A low caste Bhagavatar called Bhachanollu is shown visiting Vidyanagaram. During this event, an extraordinary dancer, Manjulavani, challenged the people of Vidyanagaram. Soon after the dance, Kasinath competes and emerges victorious. Viswambhara Sastry — Kasi's mentor — admonishes him because he has dragged Goddess Saraswati onto the streets. Kasi argues that art has no caste or community and should hold public admiration. Viswambhara becomes furious and knocks Kasi out.

Viswanatha berates and forces Kasi to apologize to his mentor. Kasi and Manju fall for each other. He gives a show, ignoring the ordinance of village heads and his elders for which he has been ostracised from the religion. Soon after, Kasi marries Manju, and they become beloved by the public with their performances. King Vijayananda Ramagajapati is impressed and invites them to his kingdom, where Dharmadhikari narrates the story of Kasi.

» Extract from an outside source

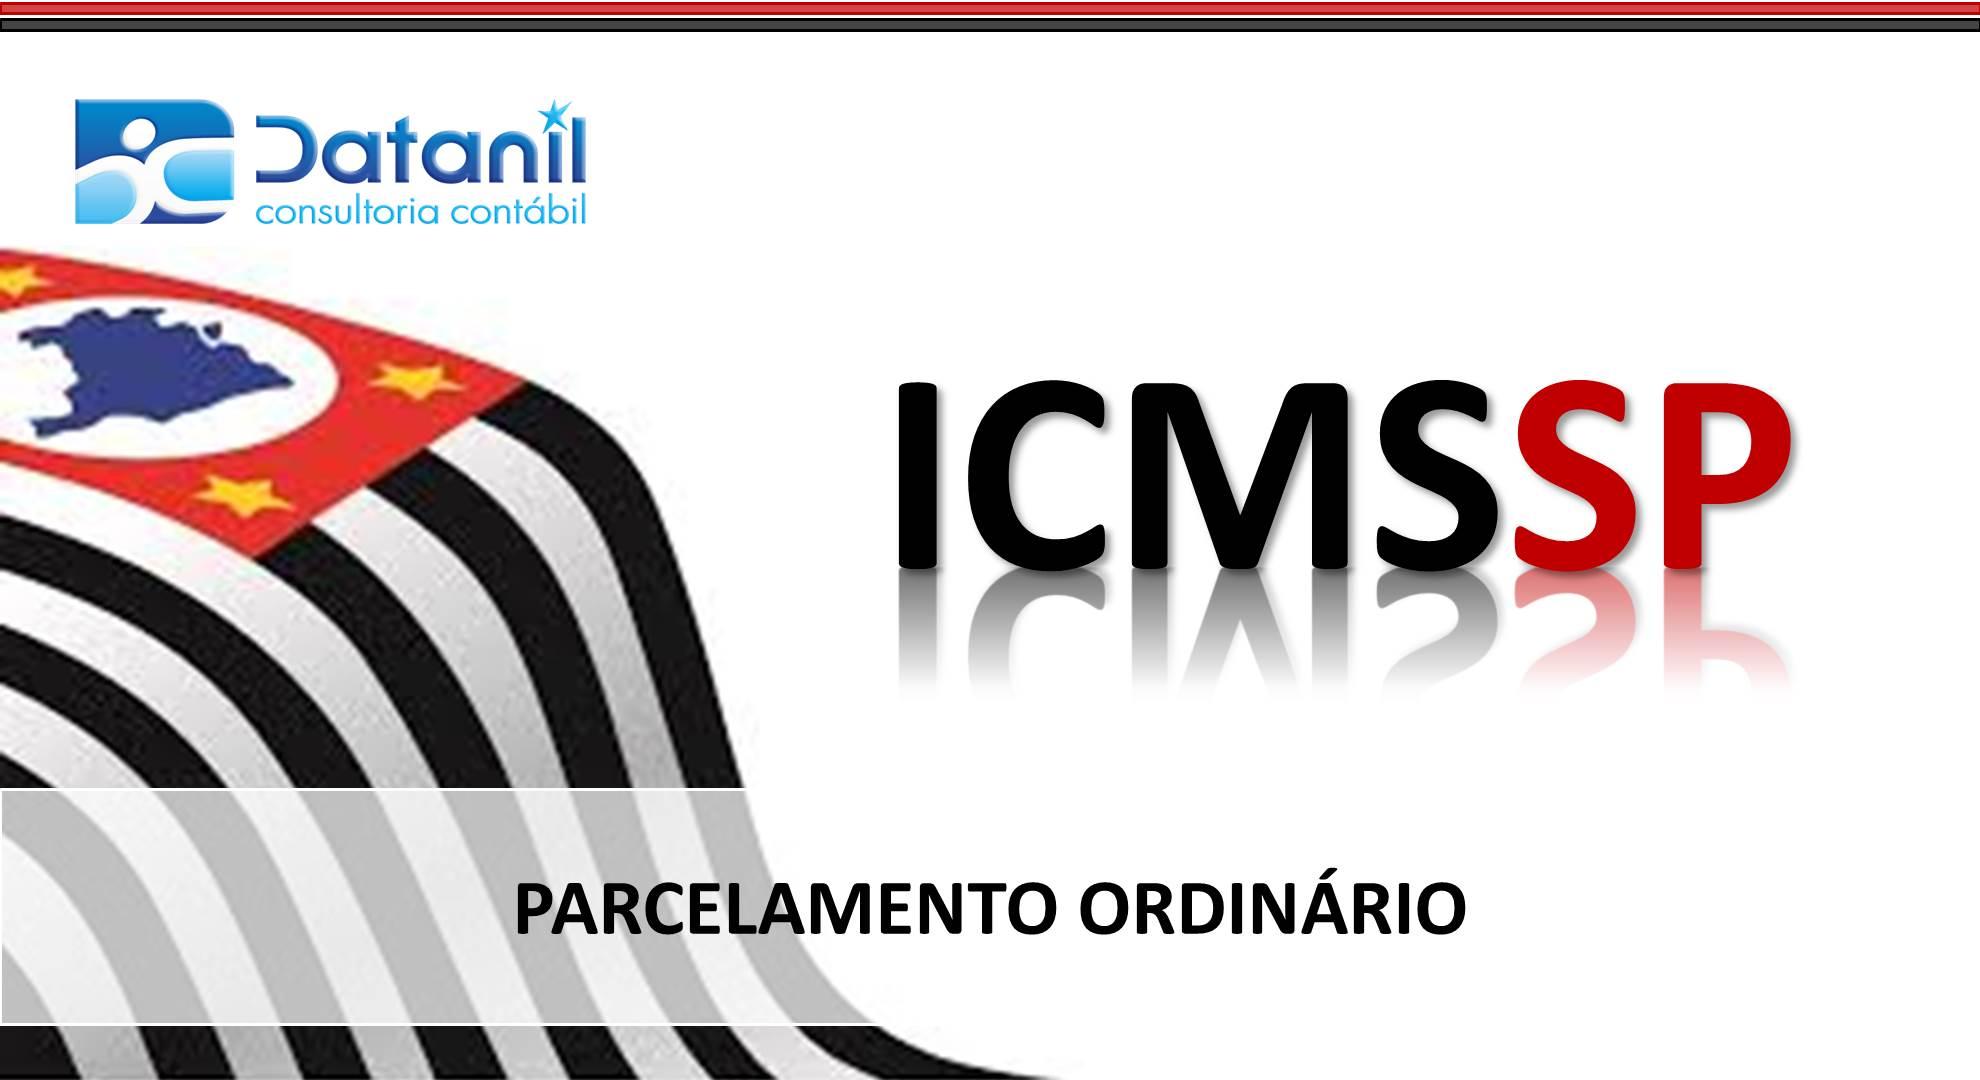 ICMS PARCELAMENTO ORDINARIO

It transpires that Kasi is ineligible for the honor, and Kasi strives for victory over all the scholars in the council. Even Viswambhara appreciates him. Keeping that grudge in mind, Dharmadhikari plots revenge by using a court dancer Amurthamba (Rajasulochana), who gets Kasi drunk. Once he gets drunk, Kasi is unable to sing in court and the King sends him to prison. Manju arrives in time and reveals the conspiracy of Dharmadhikari.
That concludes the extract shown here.